Apart from such goofs, the language of the texts in the new guide is noticeably less lively than in earlier editions. Peterson was never much of a stylist, at his best attaining a sort of even-toned weekly-reader clarity; but I wish that the editorial team responsible for this new edition had retained the occasional bits of humor and poetry that flash through the earlier guides.
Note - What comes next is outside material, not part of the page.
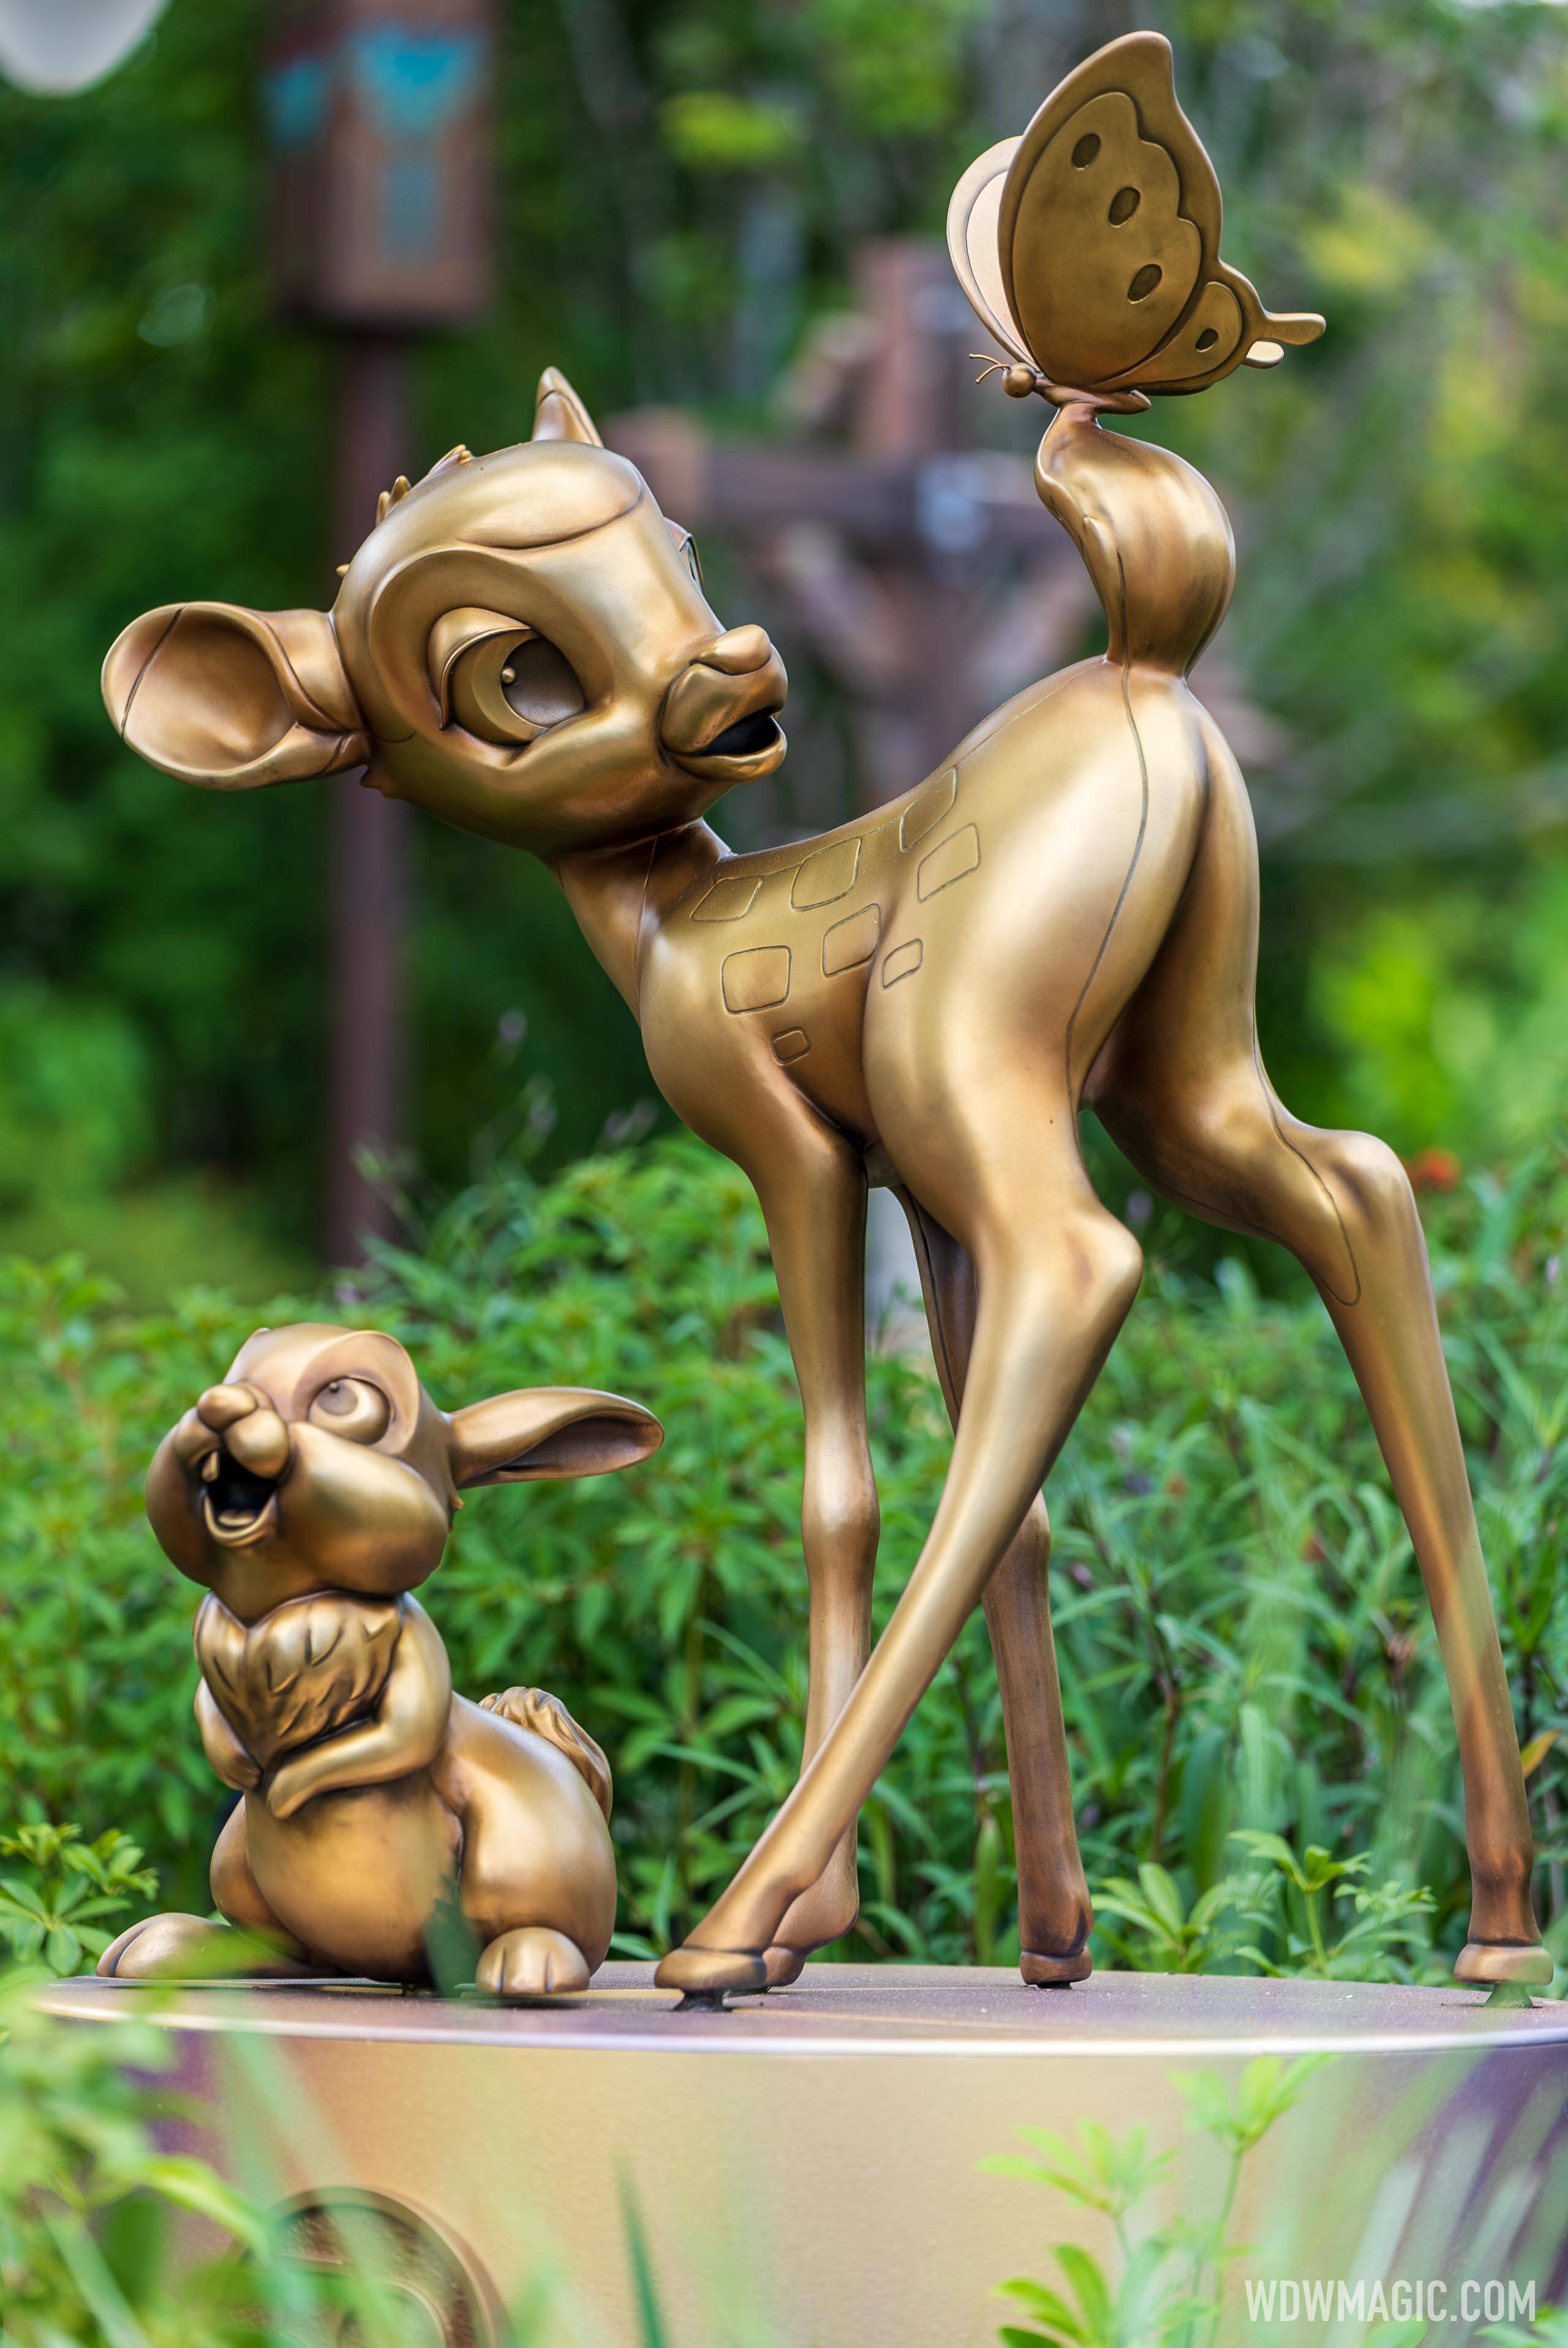 Disney Fab 50 golden character statues at Disney's Animal Kingdom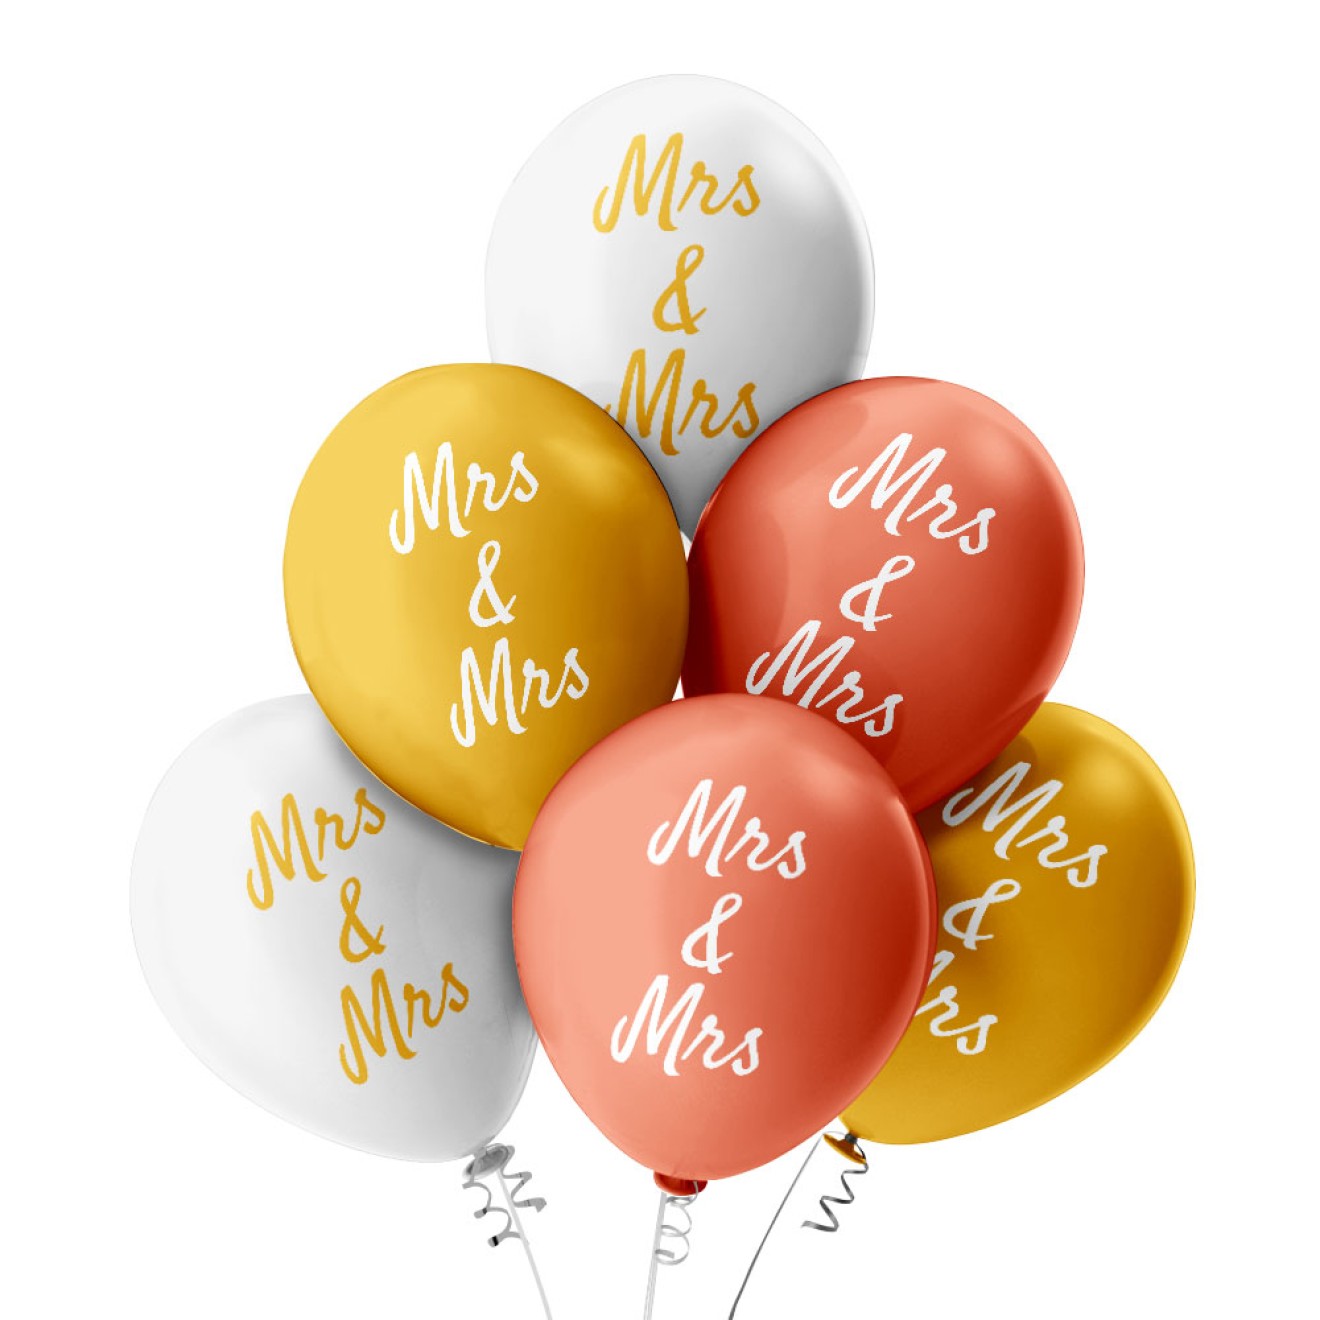 6 Luftballons Mrs & Mrs - Freie Farbauswahl

In 1947, Lincoln’s Sparrow was “a skulker, ‘afraid of its own shadow’,” and displaying Common Nighthawks could be seen “zooming up sharply … with a sudden deep whir that sounds like the well-known ‘Bronx cheer’.” Sixty-one years later, the charm of the birds is no longer reflected in the charm of the language; Lincoln’s Sparrow is now simply and pleonastically a “somewhat skulking species [that] prefers to be near cover,” and Common Nighthawks have learned their company manners. At least Prothonotary Warbler is still “a golden bird of the wooded swamps”!

If the new guide disappoints in some respects, the large-scale maps–gathered in the back of the book and reproduced as thumbnails in the species accounts–are a great and greatly appreciated improvement. Created by Paul Lehman, the large and clearly visible maps are both precise and accurate; the few quibbles one could raise are matters of degree, not of fact. American Black Ducks, for example, are probably too rare nowadays in southeast Nebraska to merit mapping. Conversely, the range of White-winged Dove across the continent could have been painted much more lavishly. Telegraphic notes on the maps indicate vagrancy patterns for many species; while completeness would be an unrealizable goal, there are occasional instances where records worth mentioning are passed over in silence: the vagrant ranges of White-eared Hummingbird and Sulphur-bellied Flycatcher, for instance, are understated here. But few are the questions that these laudable maps do not answer, and authoritatively; I am especially pleased to see many species’ ranges in northern Mexico and the Caribbean limned with the same care given their distribution in the US and Canada.

With the publication of this new single-volume guide, the Peterson legacy is assured. And now it’s up to a new generation of birders to decide whether that legacy is a living one, or merely a tribute to the book that in some ways started it all.